73) Sinks inspection: sinks were functional at time of inspection. Hot and cold water were properly tapped as indicated at the faucets. Shut off valves were noted below sinks, proper P-trap were noted at drains and there was no significant staining or any water damage noted at time of inspection.
Inspection procedure: Inspector looks for signs of past, or possibly present, leaks or seepage. A slow, intermittent or concealed leak may be undetectable at the time of inspection. Minor deficiencies at sinks and piping can result in interior damage. Caulk and/or grout around fixtures requires periodic maintenance and eventual replacement.
74) The nonprofit organization "Consumer Reports," estimates that more than 15 million household products, including kitchen appliances, water heaters, furnaces, electric and gas heaters and fireplaces, wood burning appliances, etc., have been recalled in the past decade. It is not possible for an inspector to identify all potentially recalled consumer items. A user friendly search engine that was created to track, upon entering manufacturer specific data, recalled products is available at: http://goo.gl/Mc3Kcq
Another online tool, helpful when attempting to identify the age of most of the commonly seen kitchen and household appliances, may be accessed at this link: http://goo.gl/S5Wa44
Kitchen appliances are excluded per the state standards of practice. Any comments that reference the age/condition of appliances are offered as a courtesy. The status of appliances can change with little or no warning. Areas beside and/or behind appliances are usually not accessible and any such locations, or associated wiring, plumbing or connections, are excluded. Inspector does not determine compliance with manufacturers' specifications or predict remaining life of any appliance.
75) The refrigerator/freezer: the appliance was turned on and empty at time of inspection. The refrigerator was cold and the freezer was colder. The light came on the refrigerator with the doors opened and the gaskets on the doors were in good condition at time of inspection. Damage was noted to the crisper door inside the refrigerator. I recommend consulting with the plant supplier for replacement.
Findings are limited to conditions observed at the time of the inspection. I do not estimate remaining life. Ice makers and fresh water systems, when present, are excluded. Prior to purchase, client(s) are advised to ascertain that the condition (age, cleanliness and functionality) of appliances and any associated systems meet with personal expectations.
Inspector did not assess the operation or cleanliness of coils, drip pans, appliance lights or the appropriateness of internal temperatures. Appliances will not be unplugged or moved to view connections, water lines or hookups. Periodically, coils, drip pans and interior surfaces require cleaning.
76) The microwave oven: the above range microwave oven was operated using normal controls. The light came on when the door was open or appliance operated, and a cup of water was heated when operated. No defects noted to microwave operation. However ventilation through the microwave appeared to be insufficient. See comments in this section.
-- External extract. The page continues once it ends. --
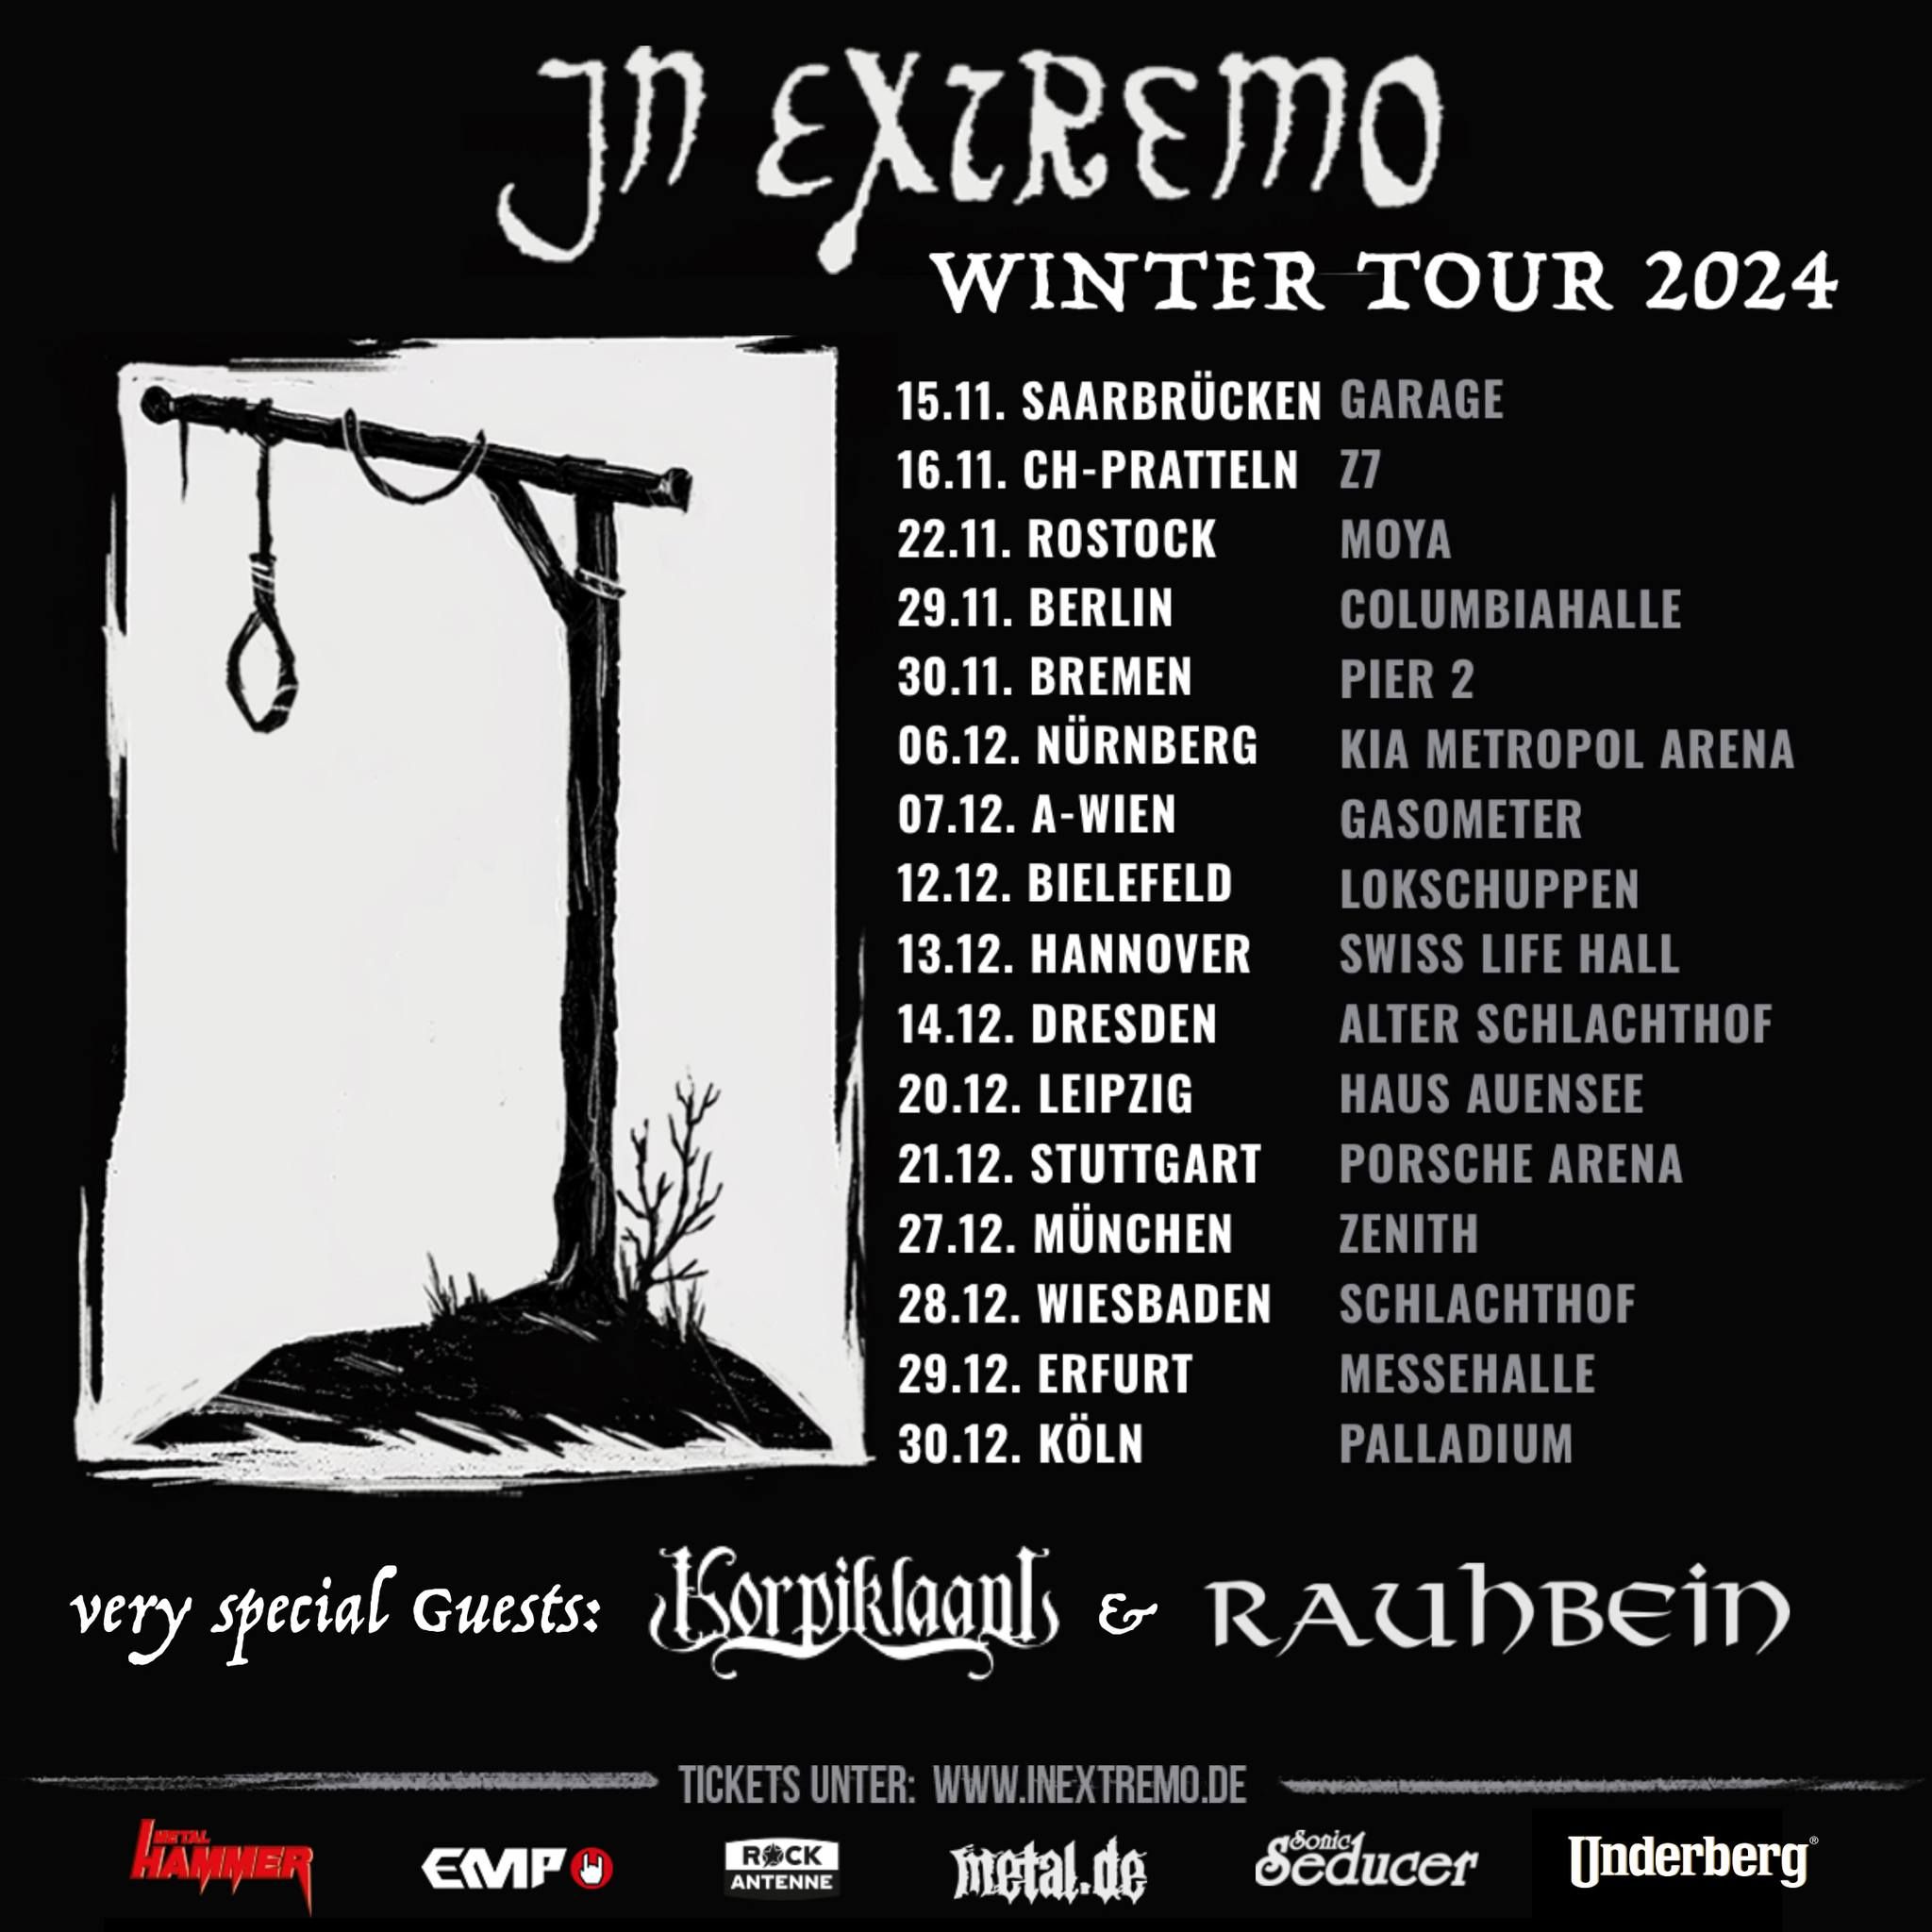 "Winter Tour" von 2023 nach 2024 verlegt

Findings are limited to conditions observed at the time of the inspection. I do not estimate remaining life. Prior to purchase, client(s) are advised to ascertain that the condition (age, cleanliness and functionality) of appliances meets with personal expectations.
Inspector might turn on the appliance and attempt to heat a cup of water. I do not verify the operation of timers, clocks, appliance lights, or seal/fit of gaskets.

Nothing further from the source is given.